I wondered what it was like for traditional docs like mine to make the leap to EHR and how others are following suit—or not. Some practices are more resistant, perhaps Luddites not interested in taking on the technology, whether it’s for patient records or even setting up more efficient office systems. But the cost to adopt EHR is also a significant factor, especially for a single primary doctor—about $30,000 to install a system, and $2,000 in monthly fees, according to Olga Khazan’s illuminating piece inThe Atlantic about why more docs aren’t tech-savvy.1 She notes that, to her frustration, some of those same EHR-avoiding doctors also avoid e-mail access and online scheduling.

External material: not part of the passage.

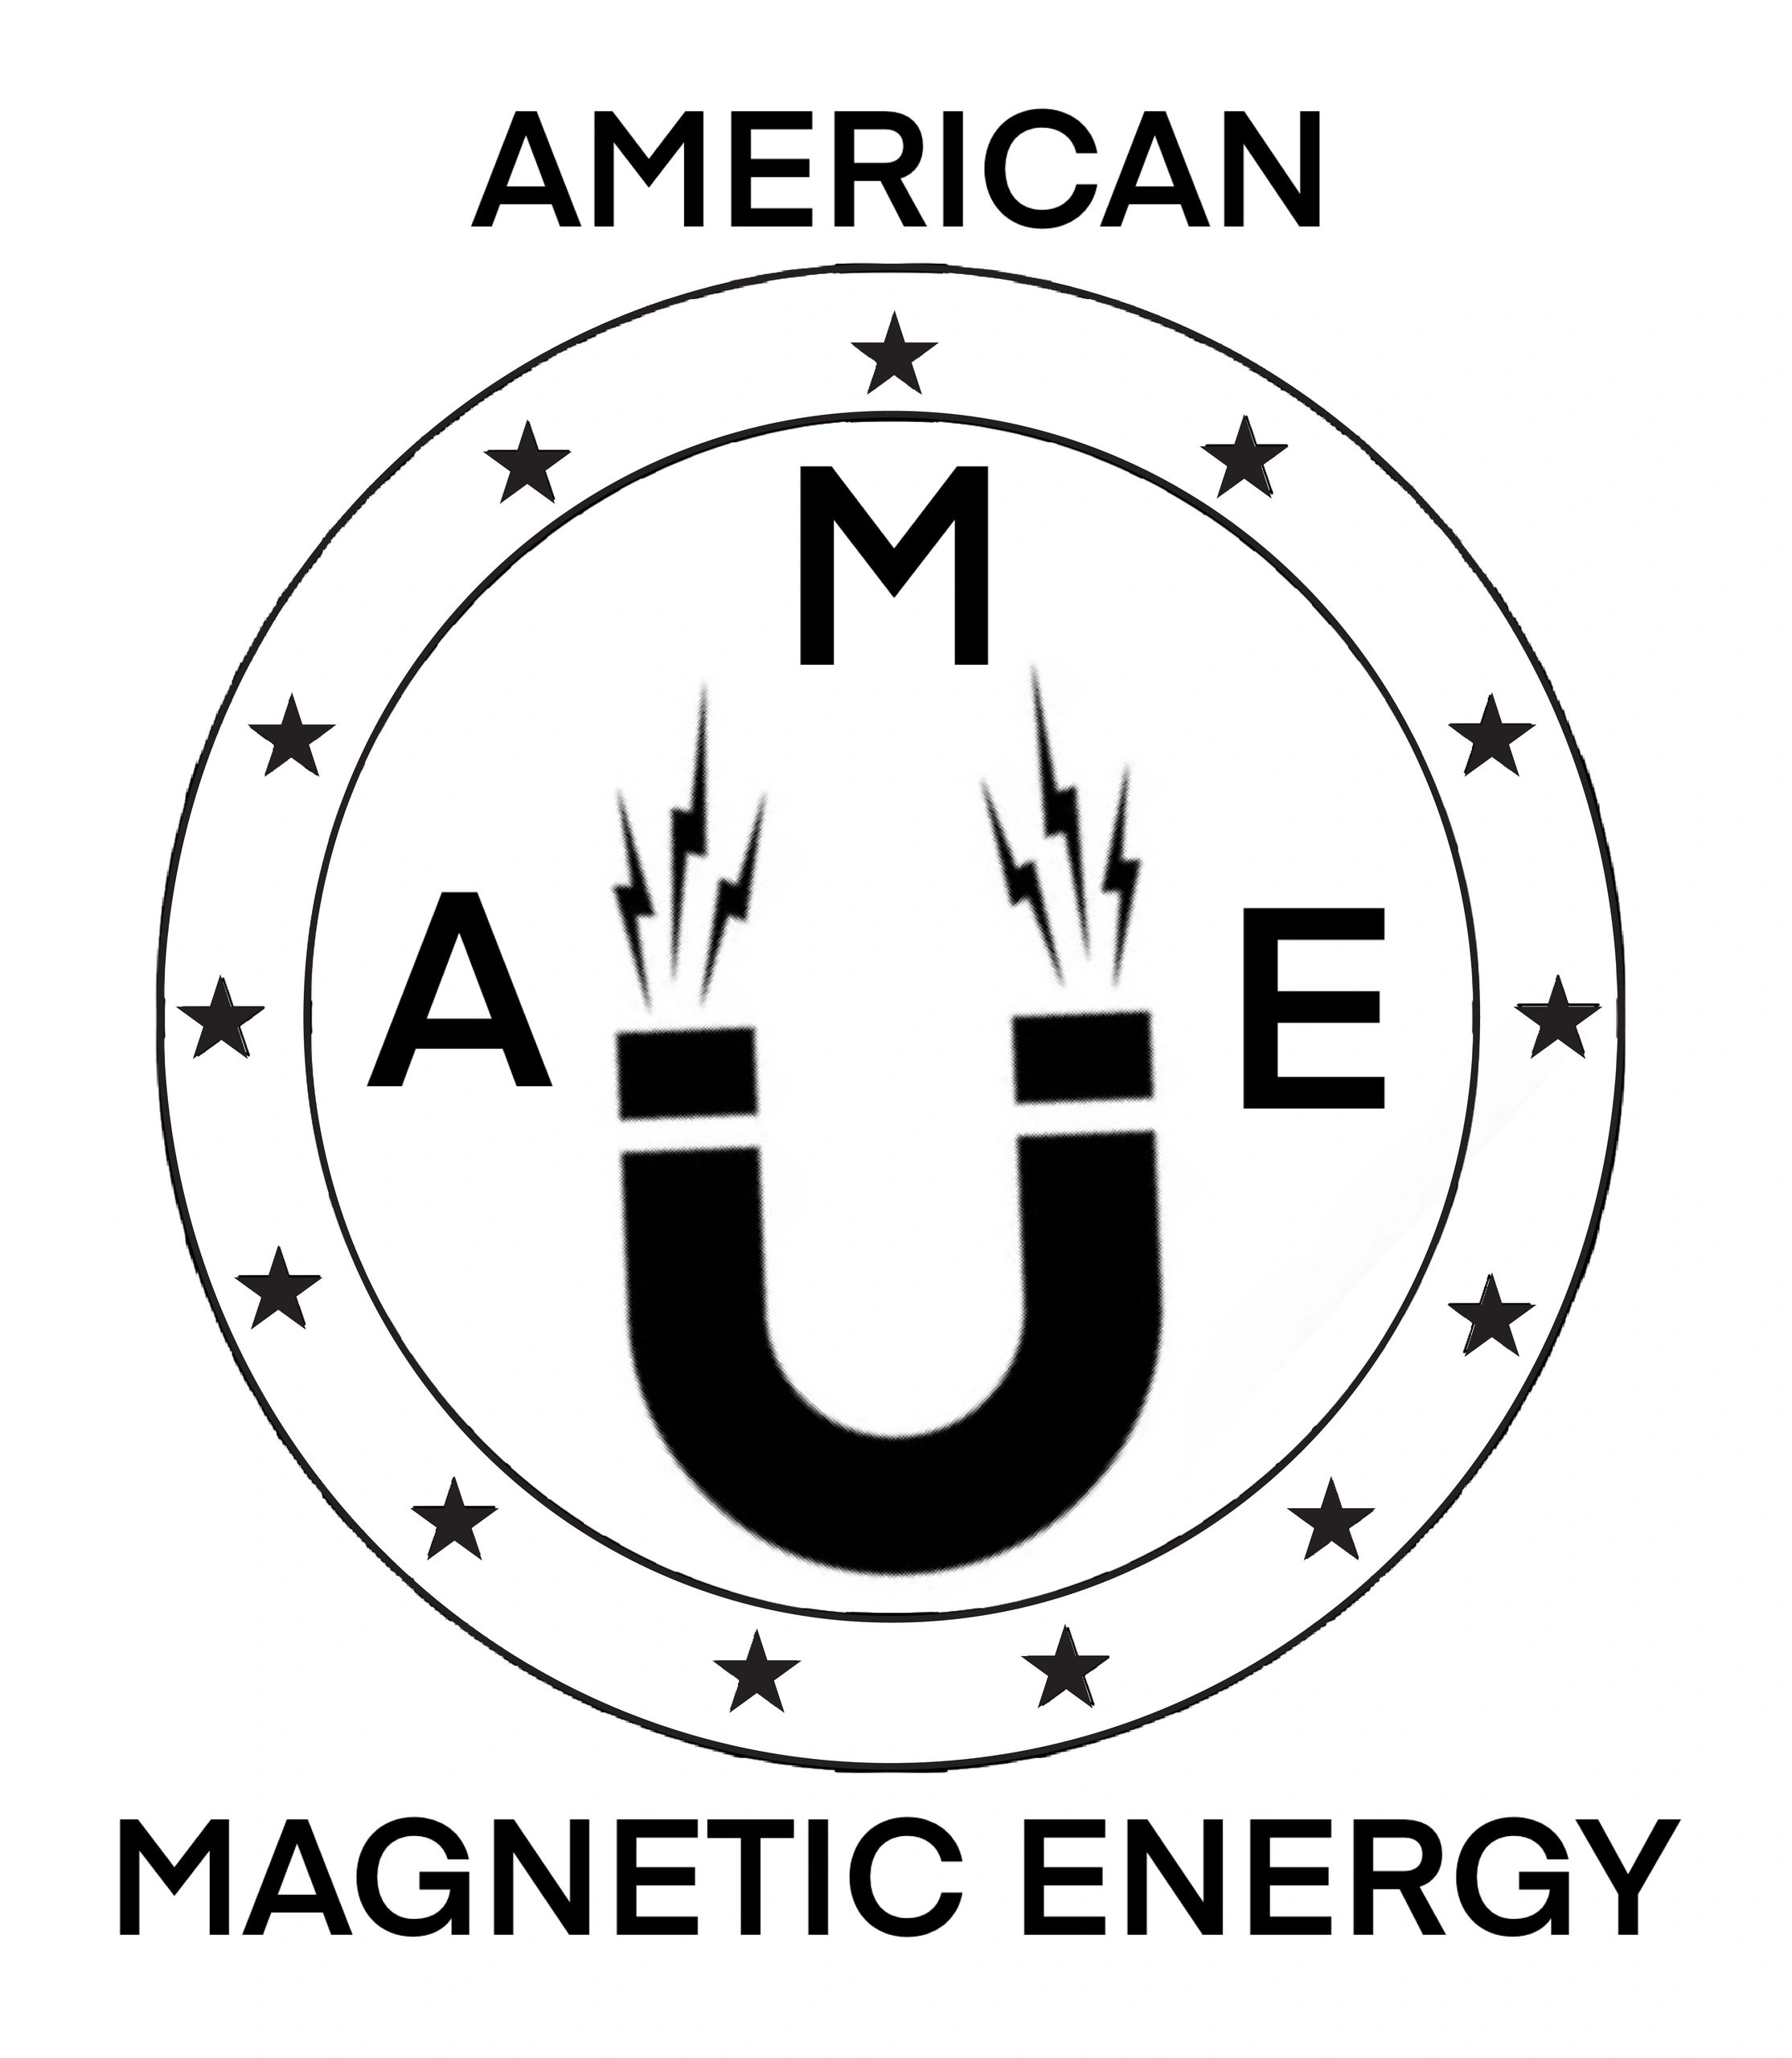 Magnetic Energy

Khazan acknowledges that some doctors are resistant because they fear abuse of patient data, the amount of work it takes to transfer thousands of files, or additional staff needed to properly use EHR. But, she reports, some larger practices are thriving and taking full advantage of the potential features the EHR system provides: “You can e-mail with your doctor or nurse, get medical records released by filling out a short online form, and schedule appointments or renew prescriptions with an iPhone app.”

As a medical writer of patient and HCP educational materials for Artcraft Health, I think of the broad teaching possibilities to help empower physicians and their colleagues to efficiently embrace EHR. How about education about EHR to acquaint patients with the process and explain to them why their doctors are collecting and sharing data about their health and medical history? If the ultimate goal of EHR is to foster a more patient-centric healthcare system, then responsive training is vital to its success.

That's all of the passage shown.